3) We Analyze the Data by completing calculations, creating data displays, creating new tables, or filtering existing tables. The result of this step are calculations, patterns, and relationships.
4) We Interpret the Data by answering our original question and summarizing the process we took and the results of our analysis. Sometimes the data cycle ends here, but often these interpretations lead to new questions… and the cycle begins again.
Investigate
Let’s take the Data Cycle for a spin!
(1) Ask Questions: First we have to think of a good question.
-
In the future, you will be coming up with your own questions. But, for demonstration purposes, this round let’s investigate: *Are more animals fixed or unfixed?*
-
Turn to your partner and discuss what ideas you have about how you might answer this question.

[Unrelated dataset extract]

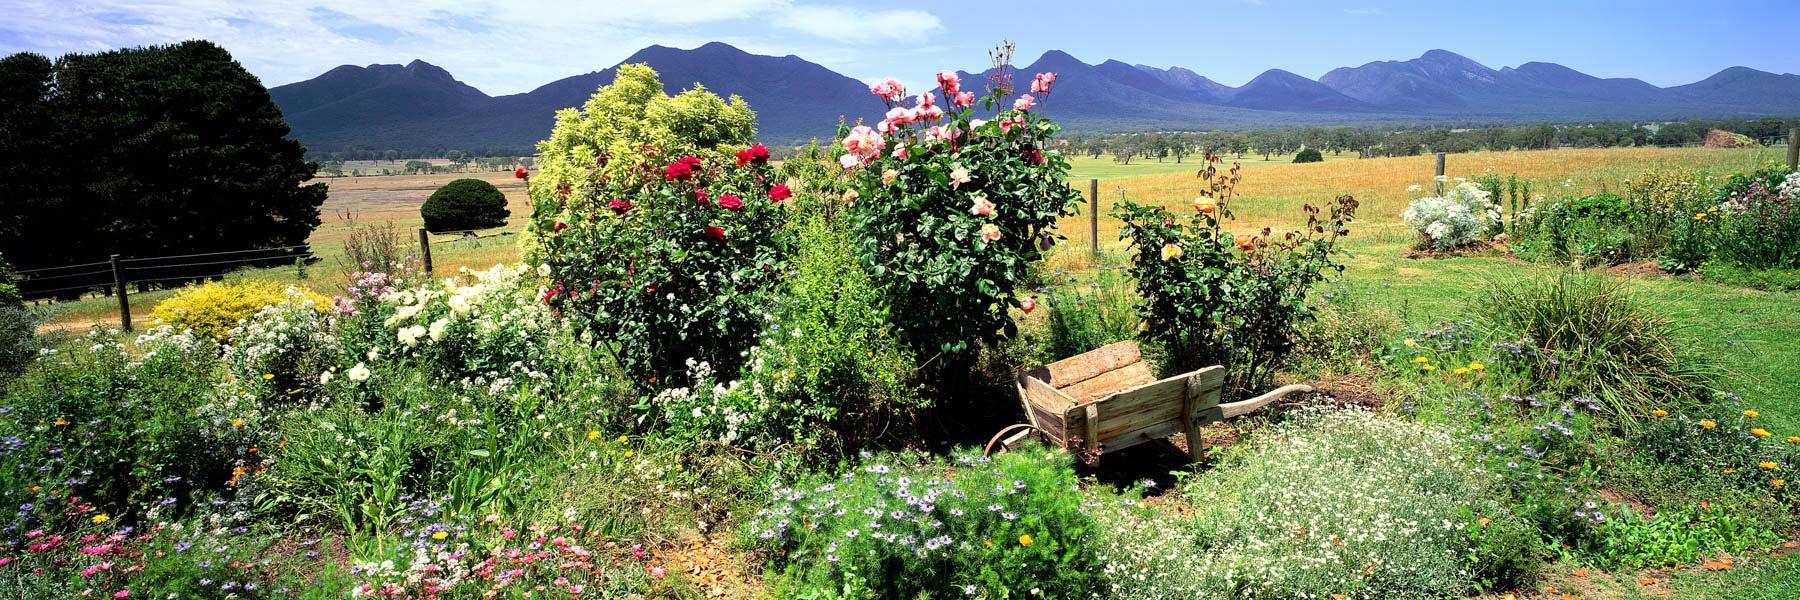 A delightful country garden, Mirranatwa Vallery, Victoria, Australia.

(2) Consider Data: To get the computer to answer our question, we’ll need to decide what part of our dataset to focus on!
-
With your partner turn to the Animals Table or open the Animals Spreadsheet.
-
Do we need to look at all the rows to answer this question, or just some of them?
-
All the rows!
-
-
Do we need all the columns to answer this question, or just some of them?
-
Just the fixed column.
-
(3) Analyze the Data:
Once we know where to look, we can write code to build a table or display.
We could use count
, bar-chart
or pie-chart
to do this analysis and answer our question.
Pie charts might be the best choice, because we care more about the ratio ("2x as many fixed as unfixed") than the actual count ("20 fixed vs. 10 fixed").
Once we decide that we want a pie-chart
, and that we’re using it to look at the fixed
column, the next step is to read the Contract and write the code!
-
Open the Animals Starter File and click "Run".
-
With your partner, build a pie chart to determine whether more animals are fixed or unfixed.
(4) Interpret the Data: Now that we’ve built our display, we can think about what we can learn from it and what else we might want to know. Even the answers to "simple" questions can lead to more interesting questions down the road!
-
What does
true
mean in the display?
-
"Fixed" is a Boolean column, so true means "yes - the animal is fixed"
-
-
Are more animals fixed or unfixed?
-
fixed
-
-
How could we describe that more specifically?
-
56.3% of the animals are fixed.
-
The ratio of fixed animals to unfixed animals is 18 to 14 or 9 to 7.
-
4 more animals are fixed than unfixed.
-
-
What other questions might come from counting the ratio of fixed to unfixed animals?
-
Sample responses: Is there a higher percentage of fixed dogs or fixed cats? At what age do animals get fixed? Do fixed animals get adopted more quickly than unfixed animals?
-
The Data Story describes how each step in the Data Cycle was used to go from a question to an answer, and then to the next question. When analyzing a real dataset, Data Scientists might explore lots of questions, resulting in many different Data Stories to tell.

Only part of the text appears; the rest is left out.